3) Learn key technical skills and knowledge
Effective penetration testers require knowledge and skills in the following:
- Security vulnerabilities
- Operating systems
- Networking and protocols such as TCP/IP or Domain Name System (DNS), are important.
- Physical security
- Server equipment
- Enterprise storage systems
4) Develop soft skills and abilities
The best way to increase the effectiveness of penetration testers is by demonstrating:
- Strong oral communication skills
- Skill in simplifying complex concepts
- Leadership skills
Important Certifications to become a Penetration Tester
Penetration testers’ career advancement and salaries can be affected by certifications. There are many sources that offer certifications for penetration testers. Below are some widely recognized certifications. You can read about each of them in detail here.

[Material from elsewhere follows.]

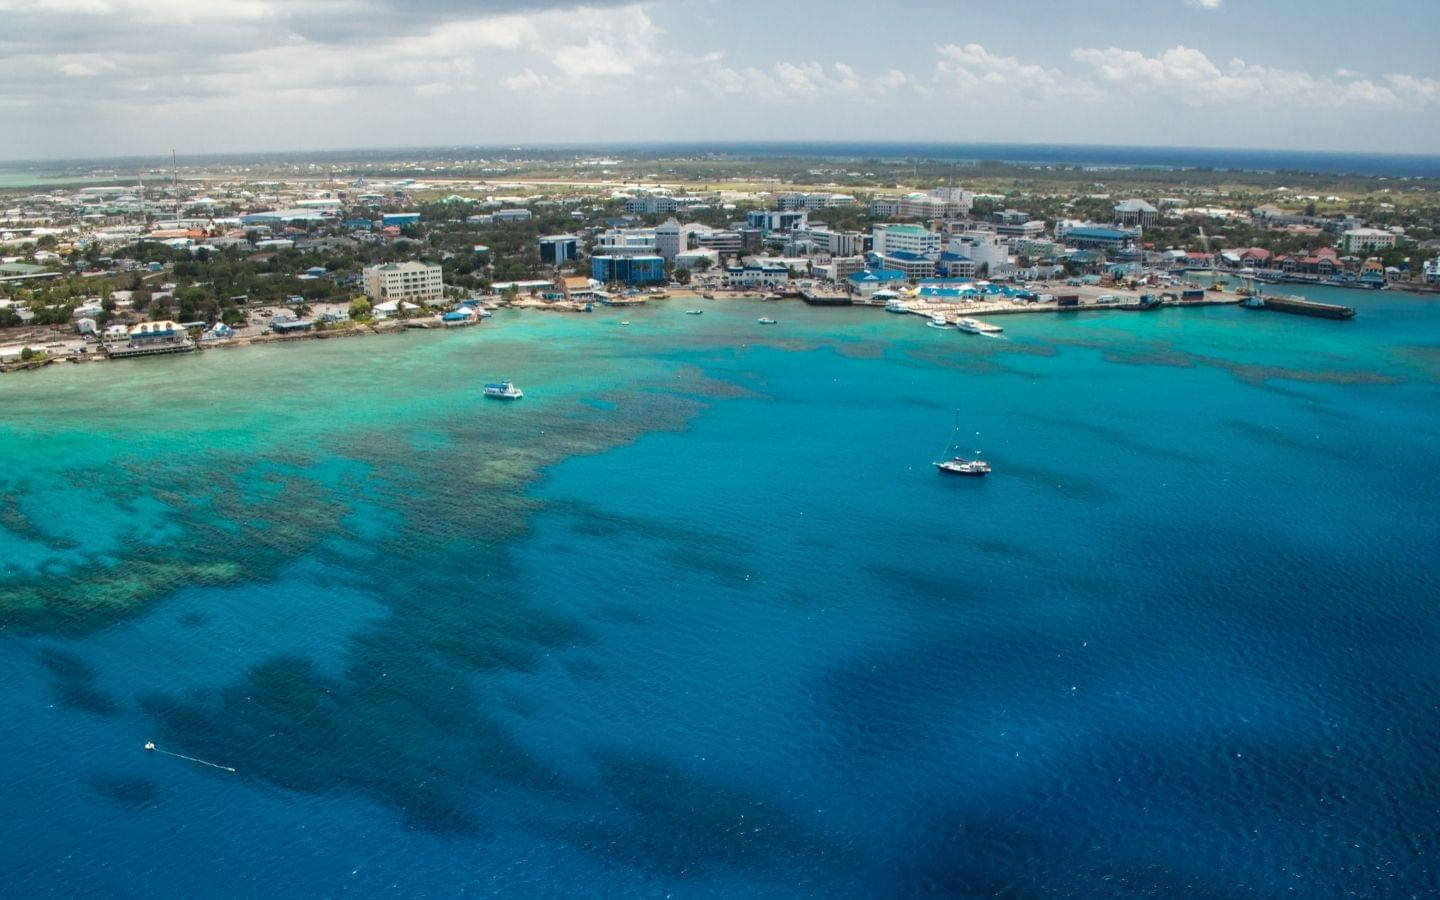 Cayman Island Bloody Bay Port Background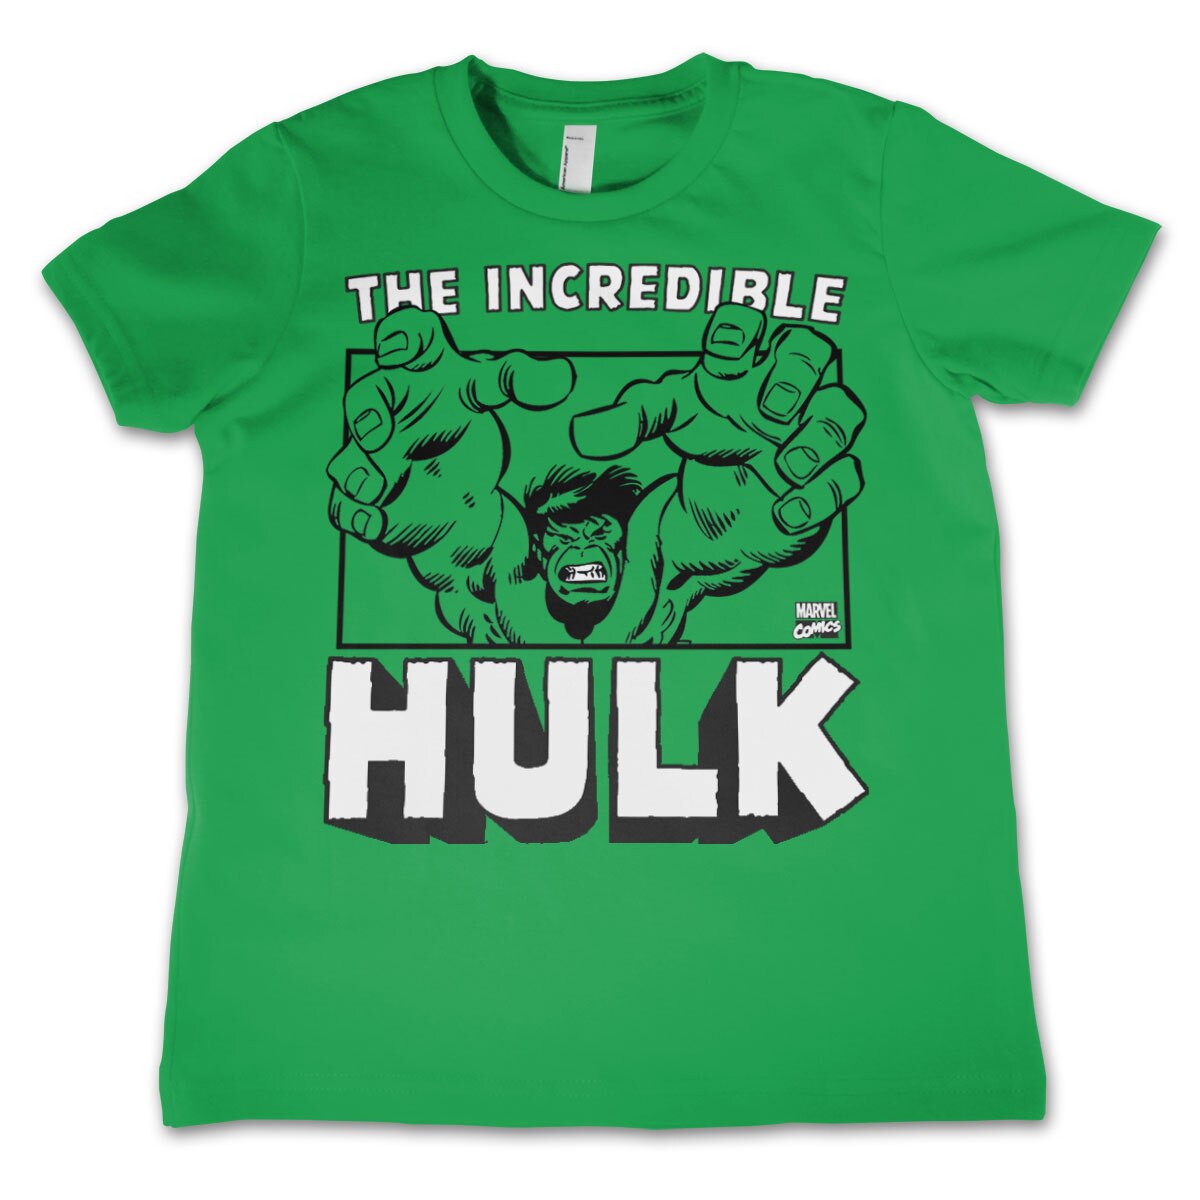 The Incredible Hulk Kids T-Shirt

- EC-Council Certified Ethical Hacker (CEH), a broad-ranging certification that covers different types of attack technology and security domains as well as hacking tools
- EC-Council Licensed Penetration Master (LPT) Master is for experts, which tests individuals’ ability to deal with real-life situations.
- IACRB Certified Penetration Tester, (CPT), focuses on specific penetration testing skills and knowledge in areas like web app vulnerabilities and network protocol attacks.
- IACRB Certified Expert Penetration Tester (CEPT), is for experts with high-level skills. It covers topics such as memory corruption and Windows shellcode.
- IACRB Certified Mobile App Penetration Tester (CMWAPT), focuses on mobile apps and mobile operating system.
- IACRB Certified Red Team Operations Professionals (CRTOP), focuses on large-scale and in-depth penetration testing
- CompTIA PenTest+ is a focus on the most recent test and assessment skills to help you with penetration testing
- GIAC Global Information Assurance Certification Penetration Tester (GPEN), focuses on best practices for penetration testing and legal issues related to penetration testing
- GIAC Exploit Researcher (GXPN), focuses on advanced penetration tests and the link between security flaws, business risks.
- Offensive Security Offensive Security Certified Professional, (OSCP), is a comprehensive, hands-on certification that was earned through real-world scenarios.
Strong cyber security is essential in today’s connected world. Everything, from smartphones to vehicles and watches to appliances and warehouse inventory equipment, is connected via a computer network. There is no better time to start for those who are keen on pursuing a career as a Penetration Tester.